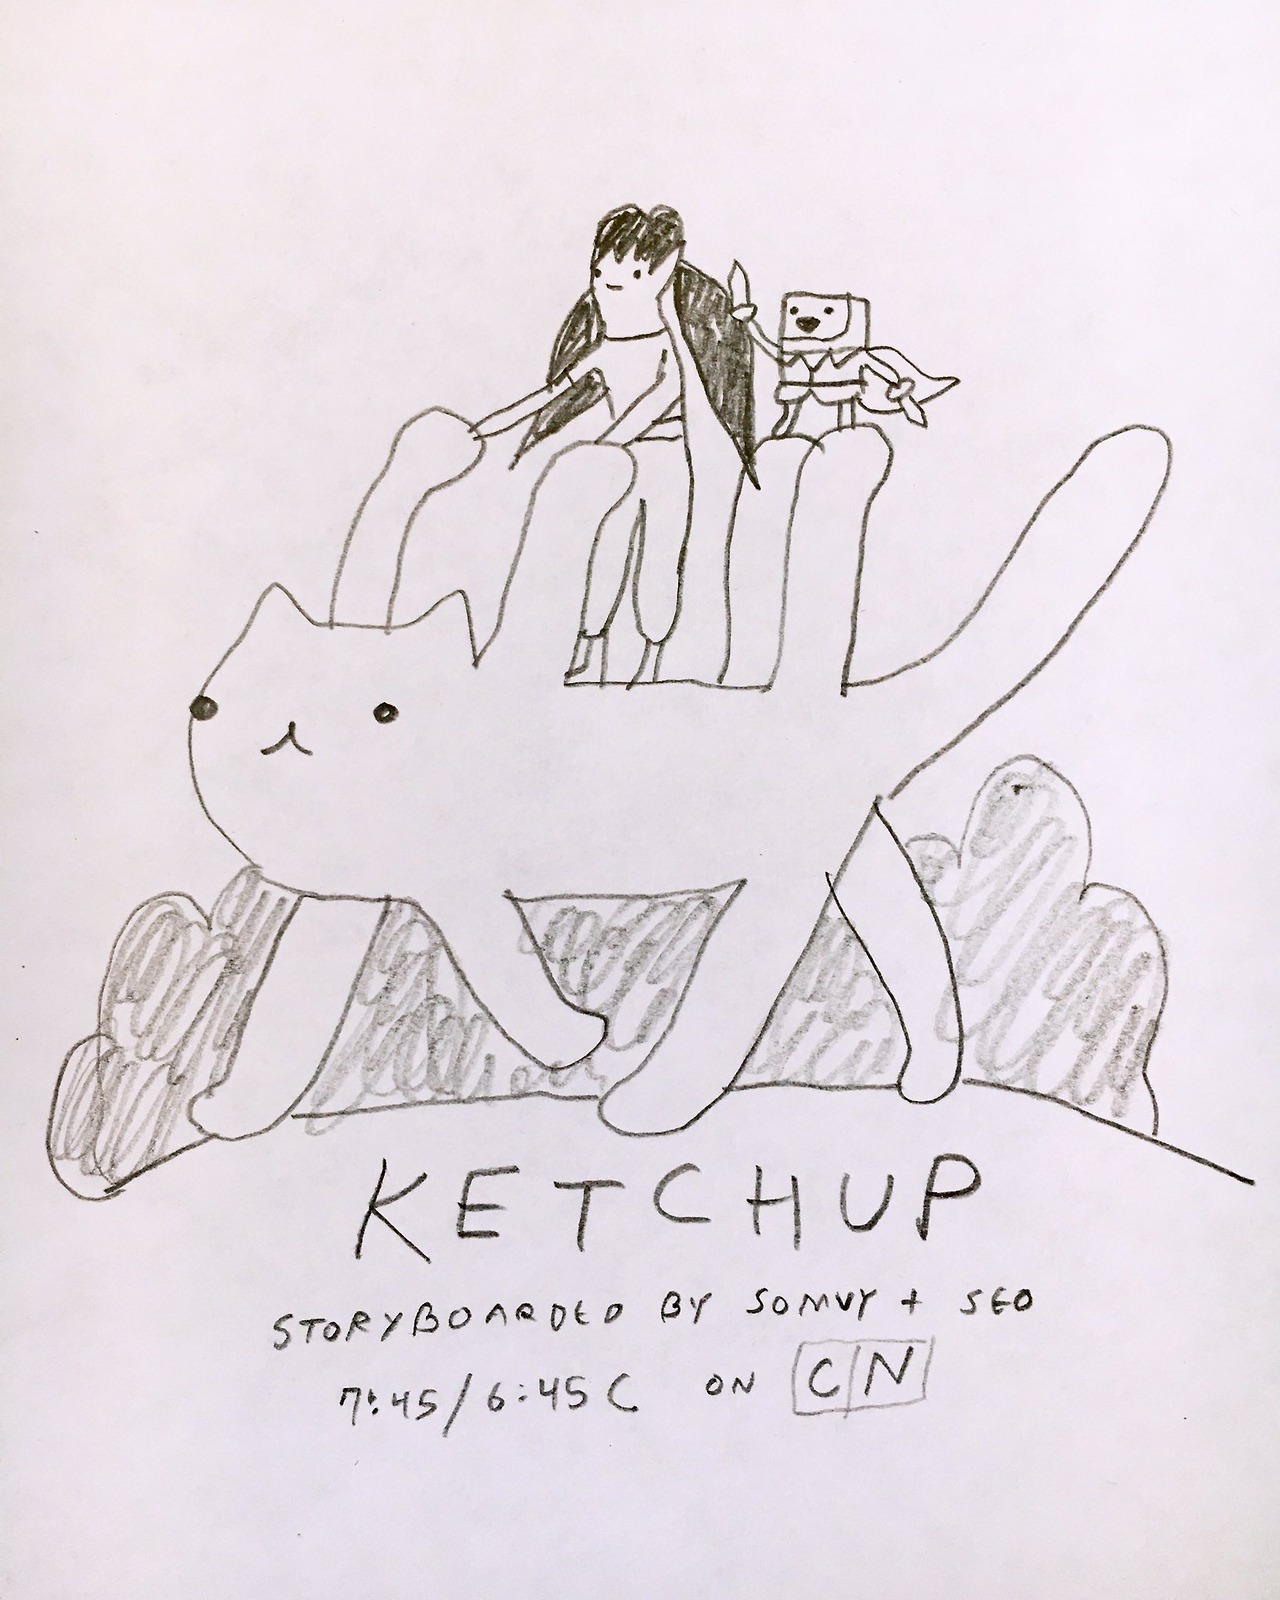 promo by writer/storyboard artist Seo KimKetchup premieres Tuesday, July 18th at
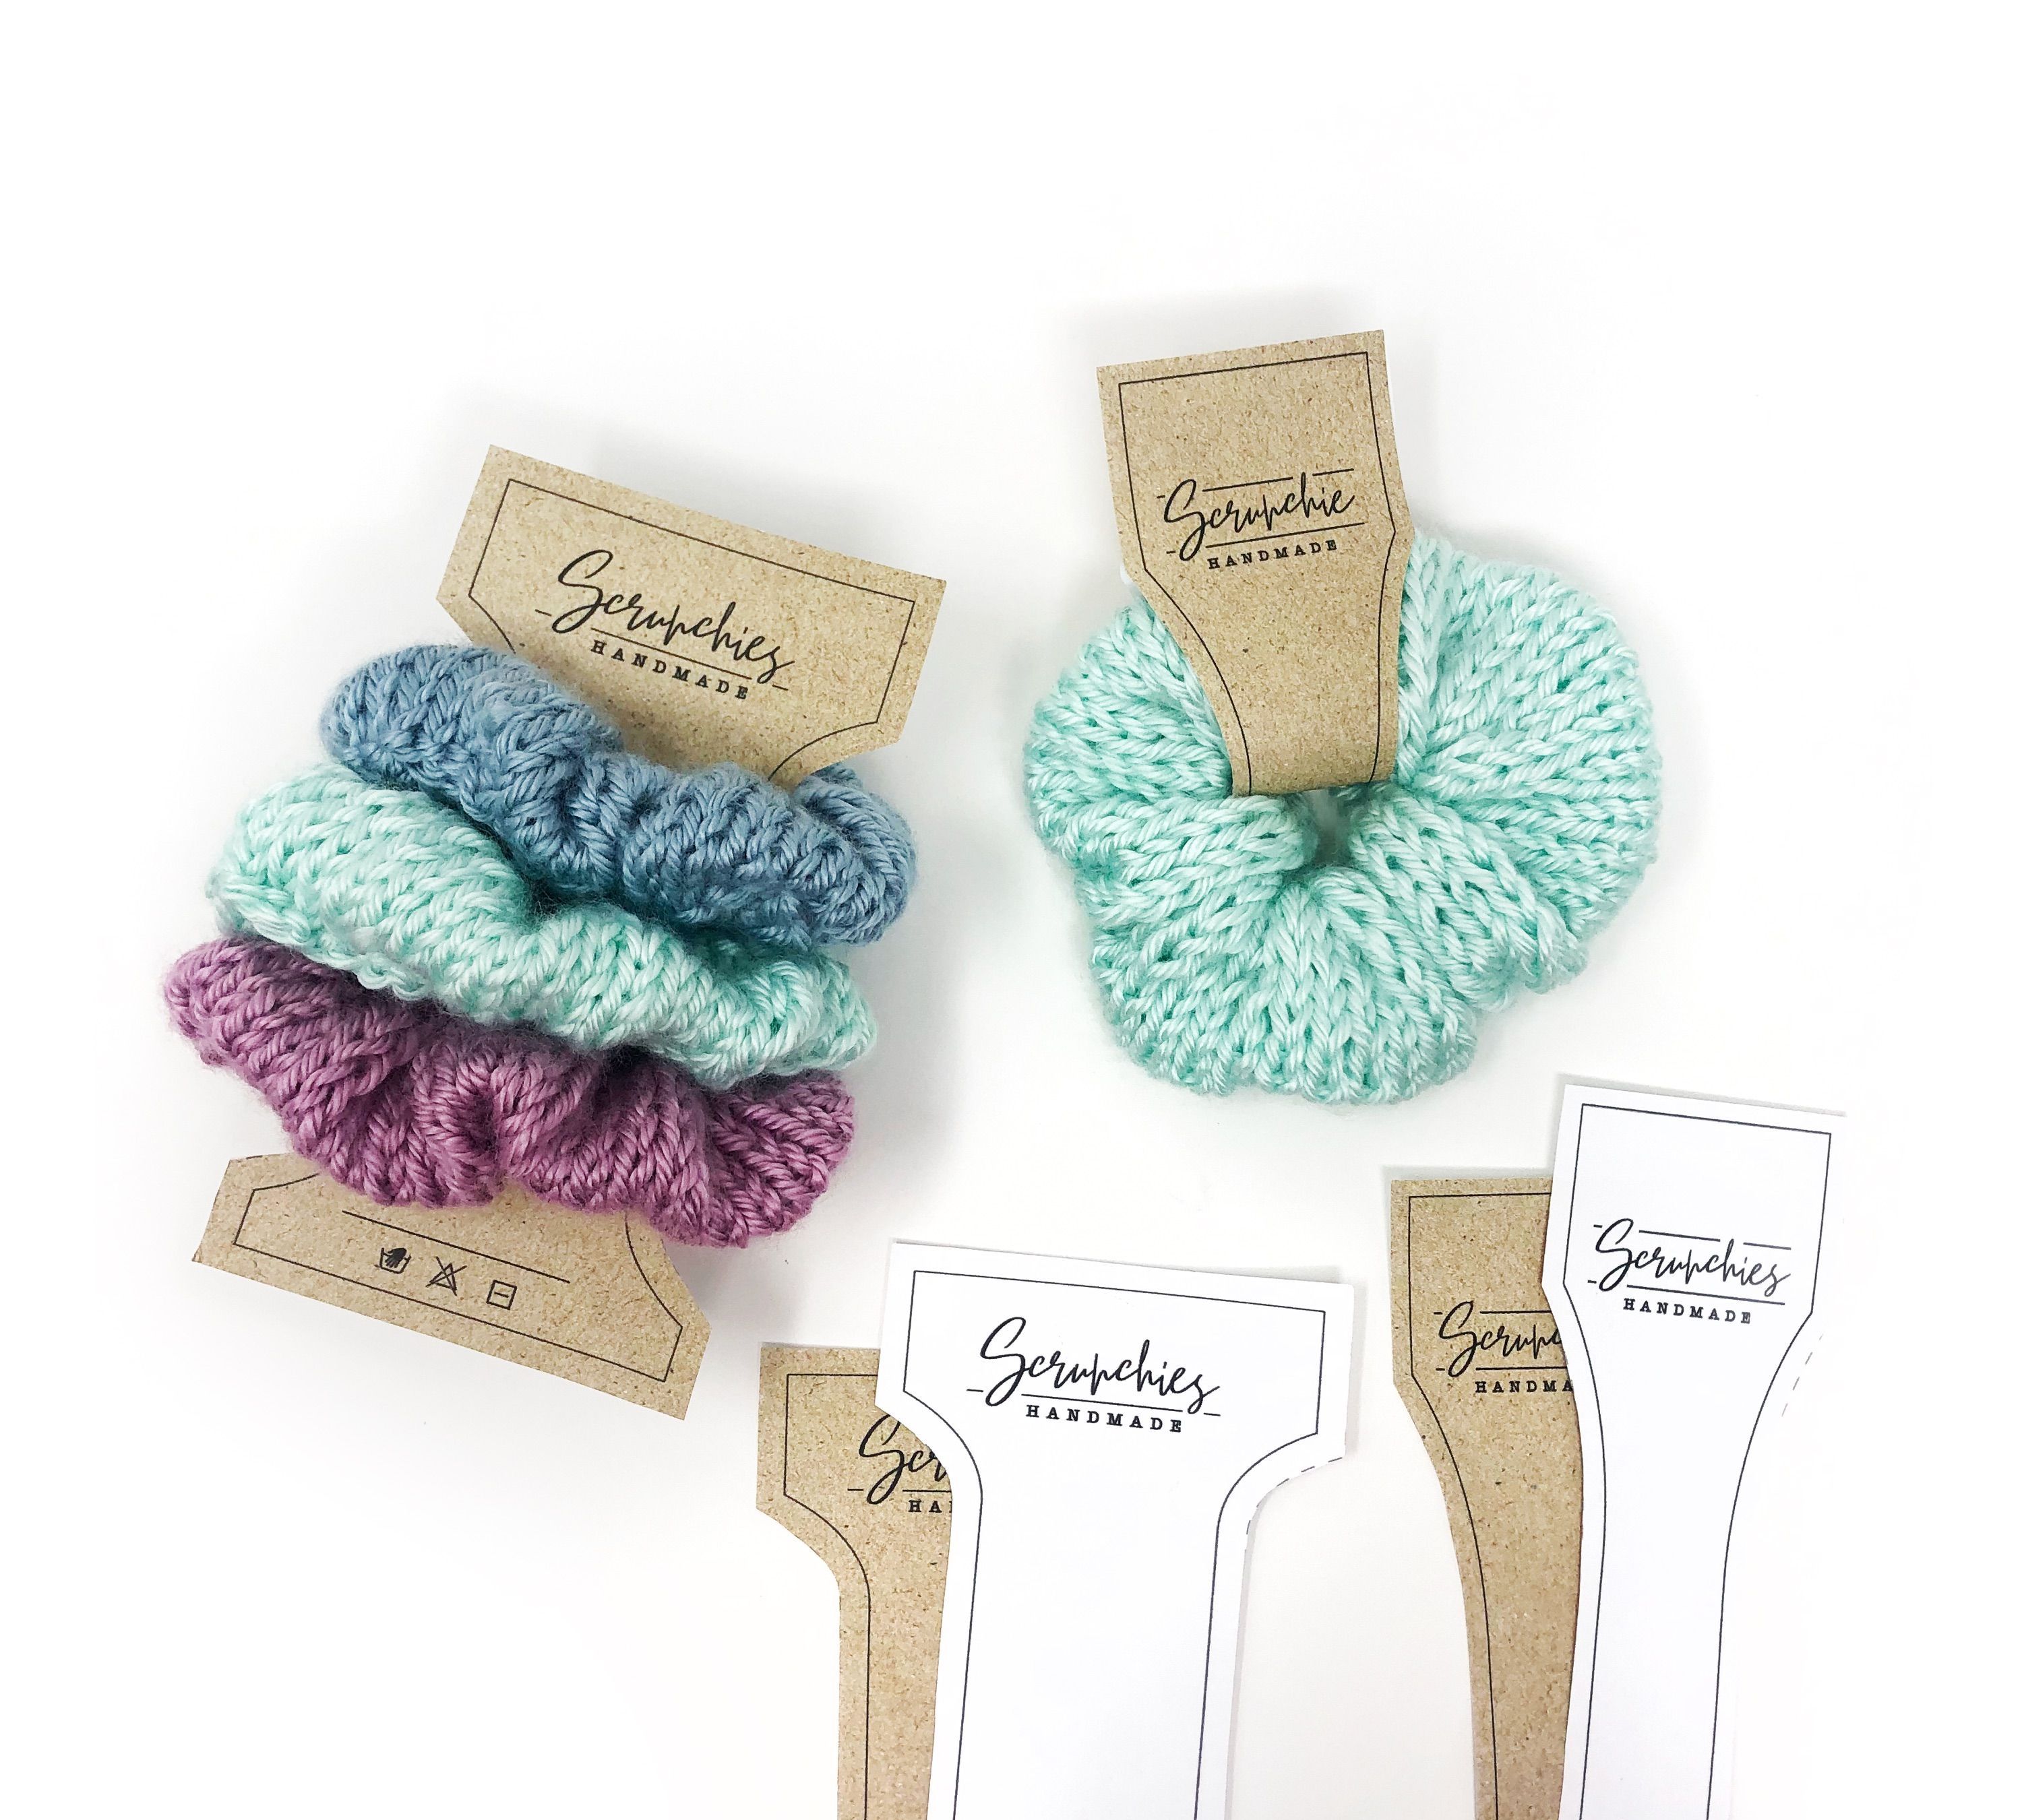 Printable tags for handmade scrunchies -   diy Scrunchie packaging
^^^^
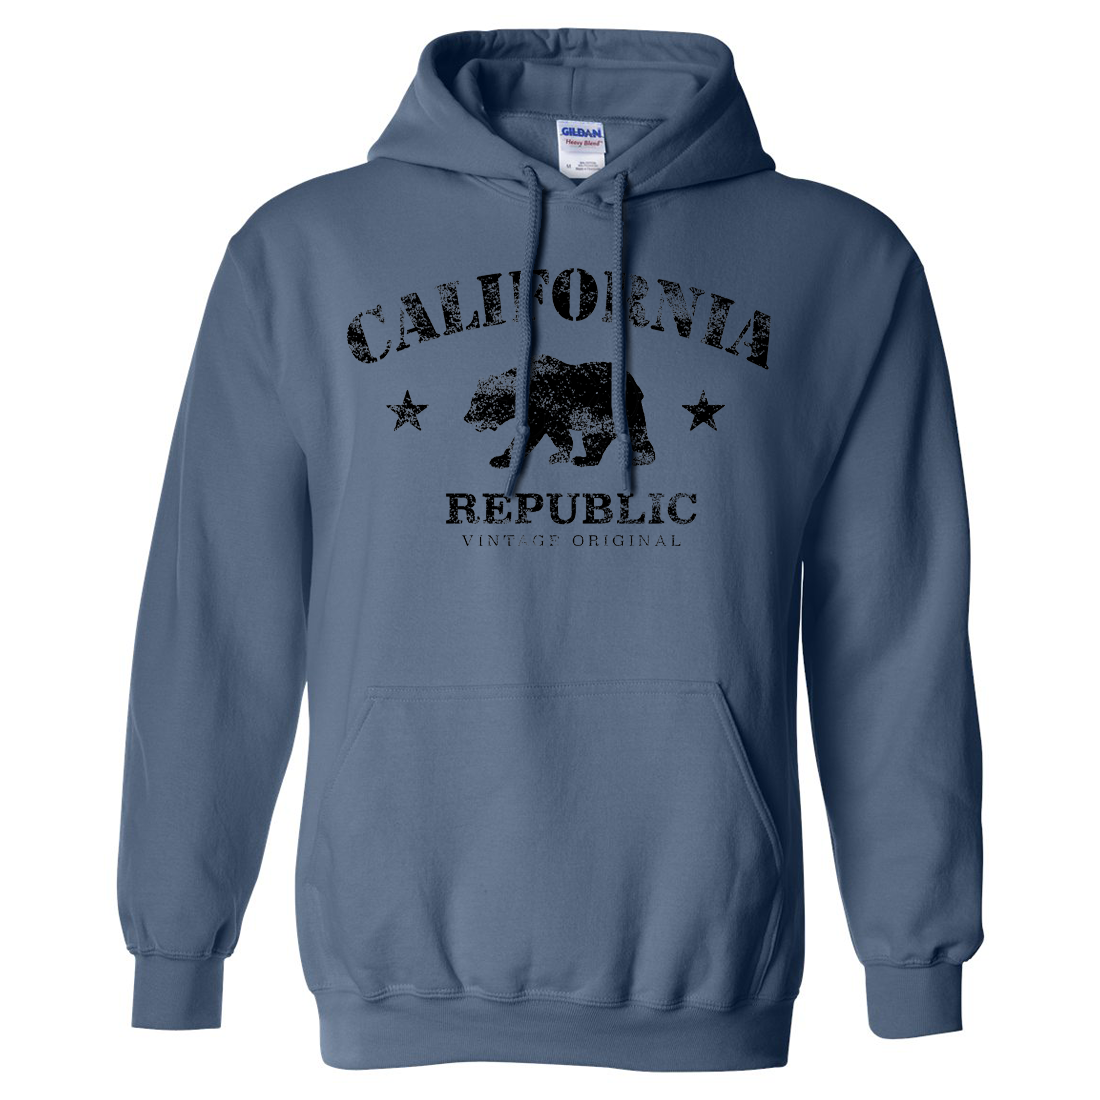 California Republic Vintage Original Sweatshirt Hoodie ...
^^^^
Restate the lines above from the one containing "promo by writer/storyboard" through the one containing "Printable tags for", inclusive, exactly and without pictures.

Written answer:
 promo by writer/storyboard artist Seo KimKetchup premieres Tuesday, July 18th at
 Printable tags for handmade scrunchies -   diy Scrunchie packaging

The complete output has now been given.